I,m setting up a small 20g with false bottom, 501 external turtle filter to run a small water feature... I'm going to use a similar Atlanta Botanical Gardens mix less fern bark. My question is...I purchased some Flukers all natural moss. Does this green stuff actually grow or is it dorment or even dead moss?


----------



## Dendro Dave (Aug 2, 2005)

Im not sure about the flukers, i'd have to see the package...but the nature zone stuff is supposed to usually come back to life...they have several types.


----------



## Guest (Dec 2, 2005)

Tks Dave,
This stuff is quite green and soft in the pkg. It looks like it may grow. I wonder if I should just mix it in with the Atlanta Botanical Gardens mix, or just apply it on top of it all ??..... I'll find out one way or another but it helps if some one else's trial and error's could save me the grief... :^{I)
Thank you....kaybee.....


----------



## Jesse (Sep 19, 2005)

*The MOSS.....*

Hey,

If it is this stuff, don't use it, it is crap.
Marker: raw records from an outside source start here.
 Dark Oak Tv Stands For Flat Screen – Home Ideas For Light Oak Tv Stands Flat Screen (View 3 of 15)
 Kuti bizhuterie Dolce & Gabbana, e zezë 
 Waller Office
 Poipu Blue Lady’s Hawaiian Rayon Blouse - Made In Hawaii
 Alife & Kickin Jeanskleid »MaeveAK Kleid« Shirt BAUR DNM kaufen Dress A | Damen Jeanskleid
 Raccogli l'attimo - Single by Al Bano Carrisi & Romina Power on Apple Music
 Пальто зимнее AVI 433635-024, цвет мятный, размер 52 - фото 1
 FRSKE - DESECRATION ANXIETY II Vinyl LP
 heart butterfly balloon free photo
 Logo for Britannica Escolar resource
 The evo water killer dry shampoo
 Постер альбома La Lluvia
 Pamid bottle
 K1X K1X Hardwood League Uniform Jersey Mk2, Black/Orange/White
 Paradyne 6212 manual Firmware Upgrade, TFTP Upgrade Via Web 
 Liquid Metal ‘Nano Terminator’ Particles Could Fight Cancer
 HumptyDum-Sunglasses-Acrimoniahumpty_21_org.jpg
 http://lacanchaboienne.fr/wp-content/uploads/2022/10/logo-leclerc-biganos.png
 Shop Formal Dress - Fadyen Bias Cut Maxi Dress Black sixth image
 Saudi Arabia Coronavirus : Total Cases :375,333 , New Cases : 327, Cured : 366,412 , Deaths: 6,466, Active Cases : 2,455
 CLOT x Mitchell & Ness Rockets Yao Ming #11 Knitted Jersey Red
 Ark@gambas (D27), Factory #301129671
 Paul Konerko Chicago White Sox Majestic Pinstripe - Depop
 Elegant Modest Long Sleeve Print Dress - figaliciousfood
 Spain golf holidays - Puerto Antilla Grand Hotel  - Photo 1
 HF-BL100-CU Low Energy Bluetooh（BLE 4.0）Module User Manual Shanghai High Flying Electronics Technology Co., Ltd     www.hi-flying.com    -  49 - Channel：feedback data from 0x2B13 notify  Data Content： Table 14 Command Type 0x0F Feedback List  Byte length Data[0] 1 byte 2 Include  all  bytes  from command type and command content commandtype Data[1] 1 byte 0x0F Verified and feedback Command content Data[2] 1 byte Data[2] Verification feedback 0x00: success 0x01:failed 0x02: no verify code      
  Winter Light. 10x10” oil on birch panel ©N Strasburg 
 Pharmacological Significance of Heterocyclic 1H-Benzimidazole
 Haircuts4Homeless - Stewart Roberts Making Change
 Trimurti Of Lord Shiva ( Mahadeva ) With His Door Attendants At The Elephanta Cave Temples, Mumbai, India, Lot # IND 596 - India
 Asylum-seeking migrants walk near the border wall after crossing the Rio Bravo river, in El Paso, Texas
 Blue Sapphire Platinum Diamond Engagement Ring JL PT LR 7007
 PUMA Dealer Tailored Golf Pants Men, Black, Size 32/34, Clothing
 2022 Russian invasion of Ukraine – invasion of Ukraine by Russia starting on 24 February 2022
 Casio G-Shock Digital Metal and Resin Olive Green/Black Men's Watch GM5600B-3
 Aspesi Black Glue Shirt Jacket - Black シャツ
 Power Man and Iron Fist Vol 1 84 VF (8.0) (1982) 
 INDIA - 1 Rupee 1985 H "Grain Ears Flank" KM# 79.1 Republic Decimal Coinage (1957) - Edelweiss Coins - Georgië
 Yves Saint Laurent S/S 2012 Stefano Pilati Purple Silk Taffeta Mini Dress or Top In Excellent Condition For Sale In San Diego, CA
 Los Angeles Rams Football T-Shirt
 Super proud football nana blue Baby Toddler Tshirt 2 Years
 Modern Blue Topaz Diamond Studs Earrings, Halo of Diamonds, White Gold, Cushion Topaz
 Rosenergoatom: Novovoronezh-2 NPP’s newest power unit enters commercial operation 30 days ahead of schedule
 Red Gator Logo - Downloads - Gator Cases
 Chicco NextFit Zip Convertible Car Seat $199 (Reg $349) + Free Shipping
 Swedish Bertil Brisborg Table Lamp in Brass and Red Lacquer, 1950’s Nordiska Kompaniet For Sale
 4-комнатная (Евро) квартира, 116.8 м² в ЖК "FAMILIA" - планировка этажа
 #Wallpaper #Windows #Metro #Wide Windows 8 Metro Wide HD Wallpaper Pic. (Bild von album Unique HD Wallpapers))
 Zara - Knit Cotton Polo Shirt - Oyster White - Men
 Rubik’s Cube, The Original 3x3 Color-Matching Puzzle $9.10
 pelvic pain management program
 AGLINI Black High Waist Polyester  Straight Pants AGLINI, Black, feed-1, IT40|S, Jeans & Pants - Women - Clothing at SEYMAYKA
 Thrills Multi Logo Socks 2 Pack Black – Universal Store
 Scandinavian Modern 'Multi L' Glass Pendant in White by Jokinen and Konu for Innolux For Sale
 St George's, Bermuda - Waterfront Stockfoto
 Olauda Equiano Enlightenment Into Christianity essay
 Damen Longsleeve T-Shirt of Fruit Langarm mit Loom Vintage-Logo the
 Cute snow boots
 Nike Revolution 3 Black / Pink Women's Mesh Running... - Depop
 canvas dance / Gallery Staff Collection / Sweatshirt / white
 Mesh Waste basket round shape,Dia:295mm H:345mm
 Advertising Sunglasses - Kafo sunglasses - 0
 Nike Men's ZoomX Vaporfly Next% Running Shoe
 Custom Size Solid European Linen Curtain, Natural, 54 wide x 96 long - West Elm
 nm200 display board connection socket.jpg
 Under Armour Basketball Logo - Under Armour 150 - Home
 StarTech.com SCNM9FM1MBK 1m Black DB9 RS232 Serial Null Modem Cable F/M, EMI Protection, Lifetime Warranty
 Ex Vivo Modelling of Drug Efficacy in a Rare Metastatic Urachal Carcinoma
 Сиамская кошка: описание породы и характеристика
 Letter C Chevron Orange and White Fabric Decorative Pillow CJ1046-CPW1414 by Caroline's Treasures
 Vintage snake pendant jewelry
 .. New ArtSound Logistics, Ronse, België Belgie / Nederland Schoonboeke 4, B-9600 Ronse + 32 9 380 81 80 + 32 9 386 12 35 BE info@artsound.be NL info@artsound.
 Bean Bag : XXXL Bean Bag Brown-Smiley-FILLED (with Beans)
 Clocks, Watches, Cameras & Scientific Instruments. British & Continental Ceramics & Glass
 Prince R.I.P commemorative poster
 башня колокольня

It really isn't moss, something man made. If it is in a humid habitat, like a vivarium, it will just rot and smell bad. I used to have a Leopard frog set up and this stuff started to rot a couple weeks after I put it in. Go with spagnhum moss, they sell it at Home Depot, Lowes, or Ace. Or there is live moss, you can order online.











Thanks,
Jesse


----------



## Dendro Dave (Aug 2, 2005)

ya that stuff isnt great, but i think flukers also has a natural moss similar to the nature zone stuff. In my experience these mosses tend to die more often then they survive. They rehydrate...look good, and within a month start dyin. But sometimes they make it


----------



## Guest (Dec 2, 2005)

Jesse,
Yes, thats the stuff, and I went ahead with the project (dang)...I ground up about 2 cups and mixed it in with the base substrate, then I added about an inch or 2 of straight moss over the top of it all. I'm hoping that the "bio" filter (Zoo-Med 501) along with the carbon will filter out any chemical toxins and equilize a bacteria level....no froggies till it smells "sweet".....
kaybee...


----------



## KeroKero (Jun 13, 2004)

Pull off the top layers of moss and trash it, it will only causes you grief. You can cover the soil with leaf litter (which I recomend most) or a layer or more appropriate moss (sphagnum is most recomended).

That stuff actually is a dried moss, I could pull similar mosses out of my parents' backyard and dry it out and get the same thing, but brown. That moss is actually dyed green. It rarely if ever comes back, and is not meant to. It does not hold water very much at all, and rots incredibly fast in our environments. You just can't get good moss out of a pet store, unless they are a specialty store that sells sphagnum moss, live moss, or dried sheet moss. No chain store that I know does.

The smell is not really that harmful to the frogs, just means you've got an active compost pile going - its also a sign the soil is staying too moist (if it smells like a swamp its because the soil is in the conditions of a swamp - thus the importance of the fir bark) or your "compost" is out of balance (compost done right doesn't smell). Either way its not leaching toxins, the gas is giving off by bacteria in the soggy soil, and really isn't a hazard as much as an annoyance and a sign that you need to fix something in your tank.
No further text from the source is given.